• [Prompt]
Copy the data exactly from the line that contains "Nước súc miệng" through the line that contains "Labākās lētas viesnīcas, viesnīcas, hosteļi", keeping both end lines and leaving out everything else.

• [Recorded data]
+++++

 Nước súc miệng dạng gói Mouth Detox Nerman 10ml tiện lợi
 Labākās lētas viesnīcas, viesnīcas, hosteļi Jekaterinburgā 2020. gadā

+++++

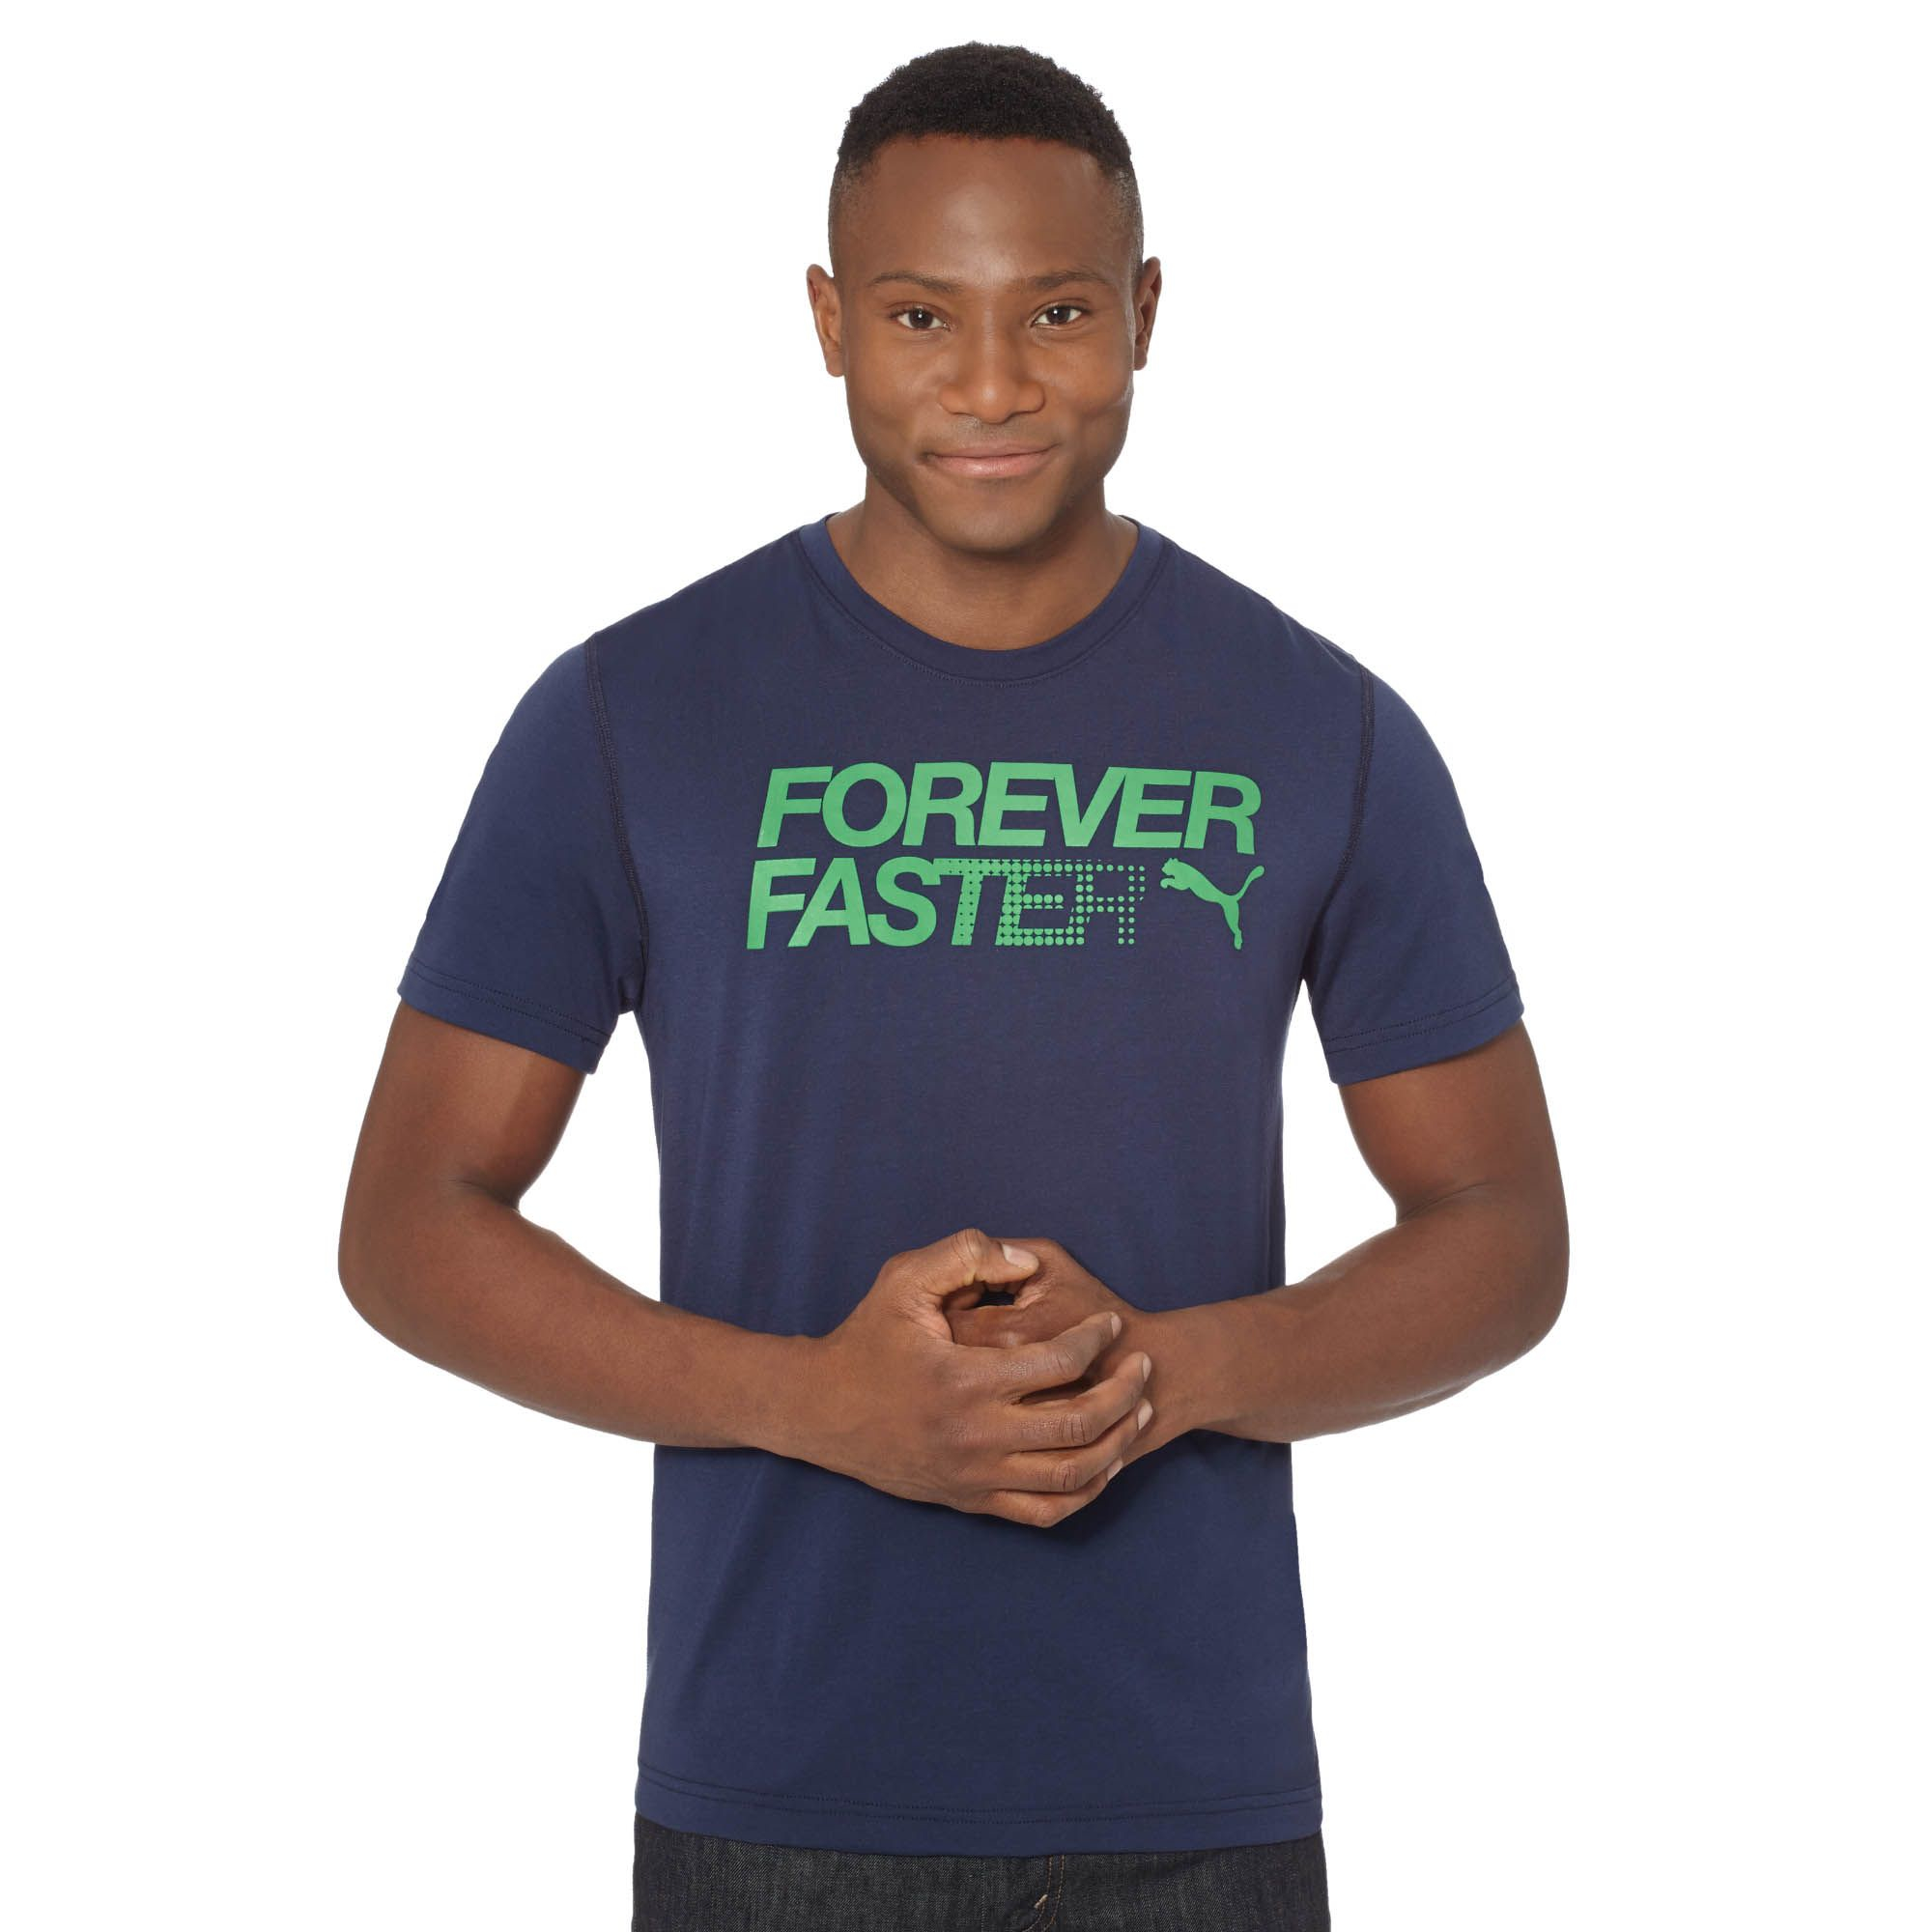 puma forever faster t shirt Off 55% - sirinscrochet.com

+++++

• [Worked solution]
 Nước súc miệng dạng gói Mouth Detox Nerman 10ml tiện lợi
 Labākās lētas viesnīcas, viesnīcas, hosteļi Jekaterinburgā 2020. gadā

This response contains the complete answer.